Endogenous distribution of retinoids during normal development and teratogenesis in the mouse embryo

TLDR: It is concluded that other factors, for example, nuclear factors, must be responsible for the teratogenic response to RA and not cell‐specific factors, as previously concluded.

Abstract: We have analysed the endogenous retinoids present in whole mouse embryos from day 9 to day 14 of development and in individual components of the embryo at two stages, day 10.5 and day 13, by HPLC. We can only detect two retinoids, all-trans-RA (tRA) and all-trans-retinol (t-retinol), and t-retinol is 5-10-fold in excess over tRA. We cannot detect 9-cis-RA or any didehydroretinoids; thus mammalian embryos seem to differ in their retinoid content from other embryos such as chick, Xenopus, and fish.
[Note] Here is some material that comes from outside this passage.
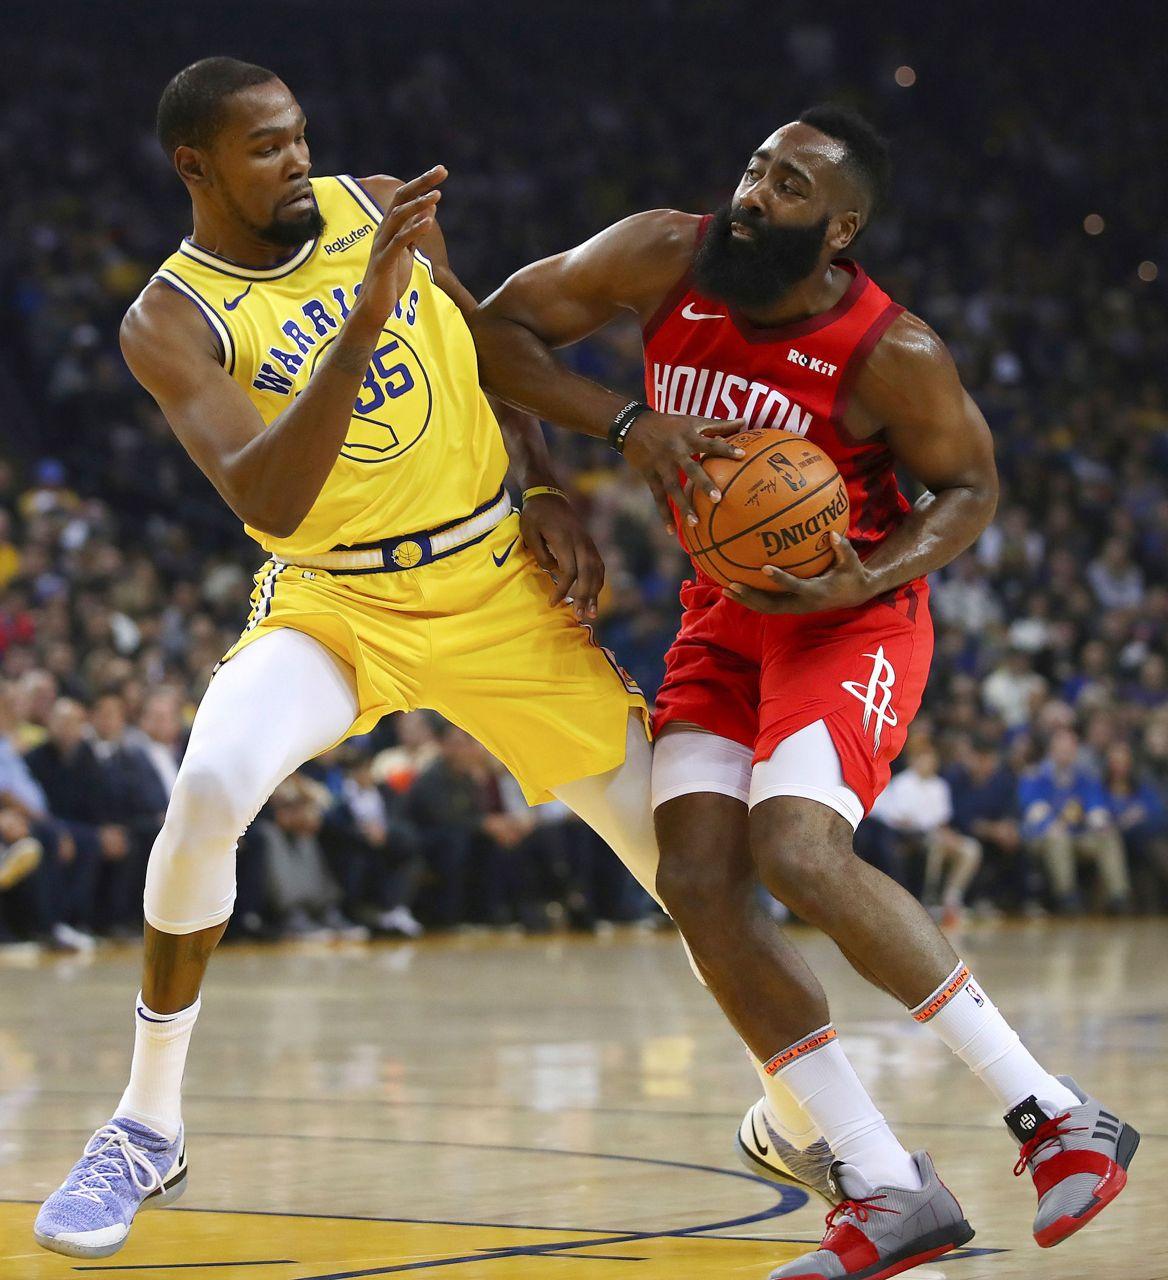 Houston Rockets Squad 2019: James Harden Rallies Rockets In OT To Beat Warriors 135-134
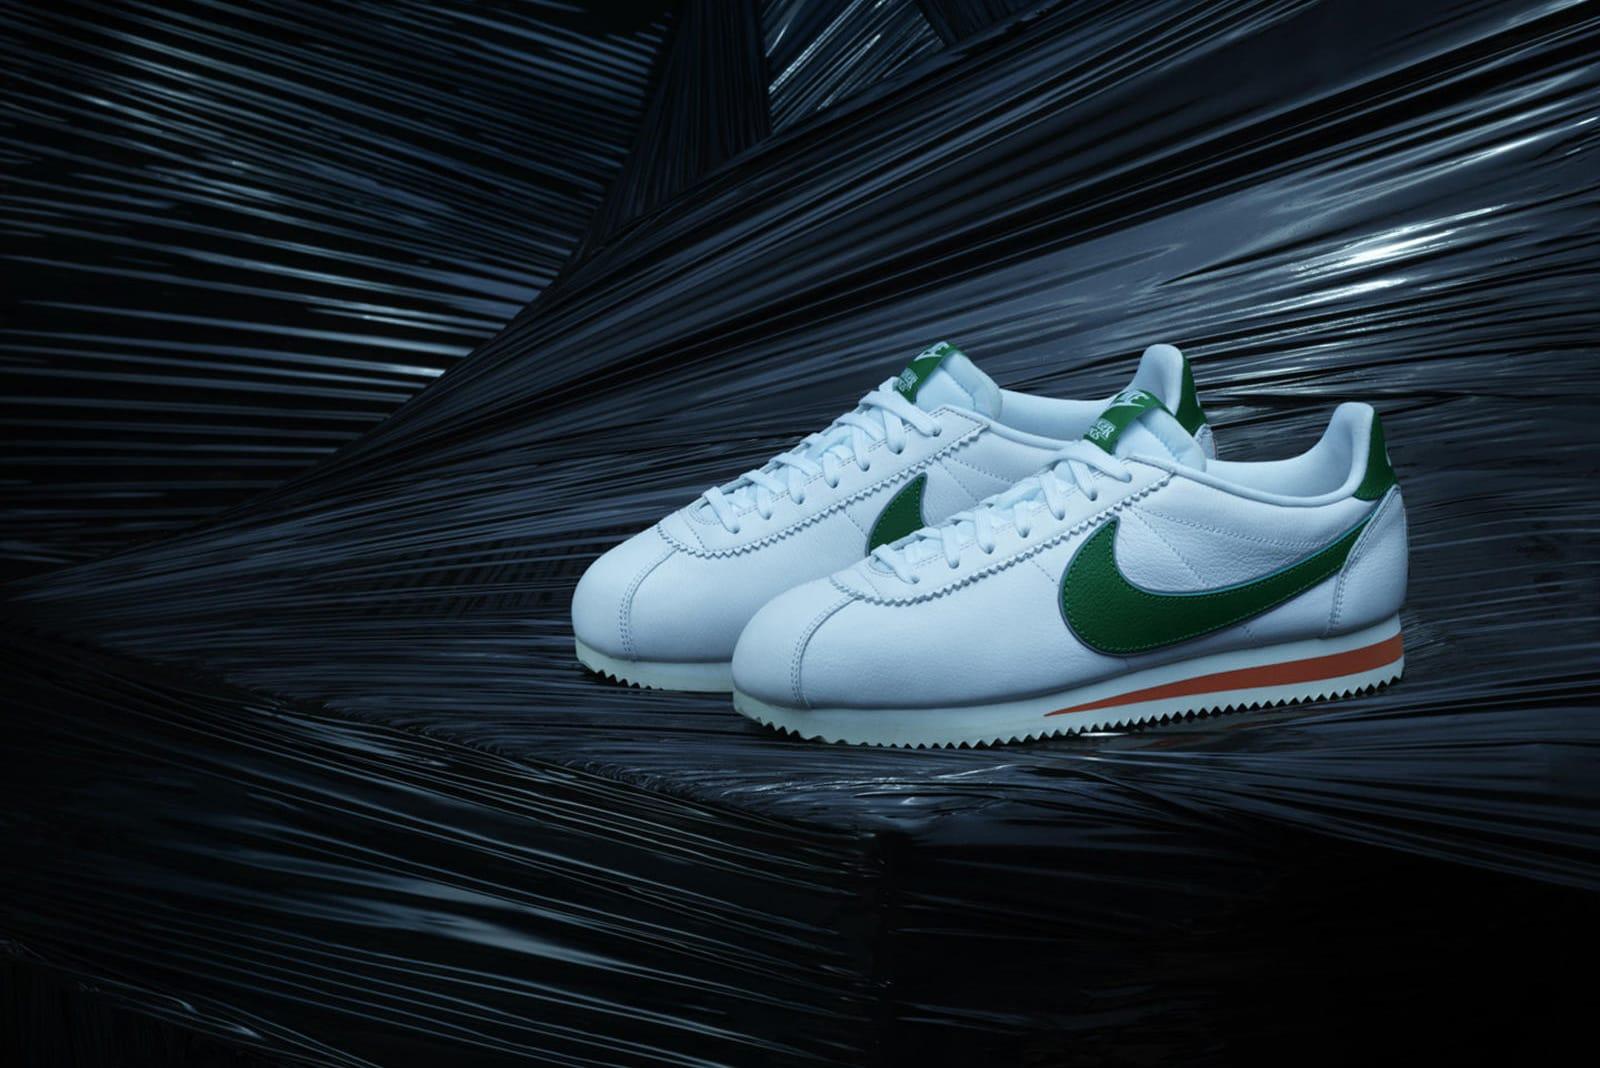 Nike x Stranger Things Capsule

The levels of tRA do not change significantly over the 6 days of development analysed, whereas t-retinol rises sharply as the liver develops. Within the embryo, tRA is present at high levels in the developing spinal cord and at very low levels in the forebrain; indeed there is a gradient of endogenous tRA from the forebrain to the spinal cord. Other parts of the embryo had intermediate levels of tRA. When a teratogenic dose of RA was administered to day 10.5 embryos, the levels of tRA present in individual tissues of the embryo rose dramatically--from 175-fold to 1,400-fold--and the levels rose in all tissues not in any exclusive areas. We then determined which areas of the embryo were malformed by such a teratogenic dose. The lower jaw, palate, vertebrae, tail, and limbs were consistently abnormal, and since these areas received a dose of tRA no higher than any other it was concluded that cell-specific factors must determine the teratogenic response of these tissues. We then considered whether cellular retinoic acid-binding protein I or II (CRABP I or II) played any role in this response by determining their relative levels in each of the tissues analysed. There was no correlation between the presence of CRABP I and II and the distribution of administered RA. Neither was there a clear correlation in detail between the presence of CRABP I and II and the sites of teratogenesis. We therefore conclude that other factors, for example, nuclear factors, must be responsible for the teratogenic response to RA.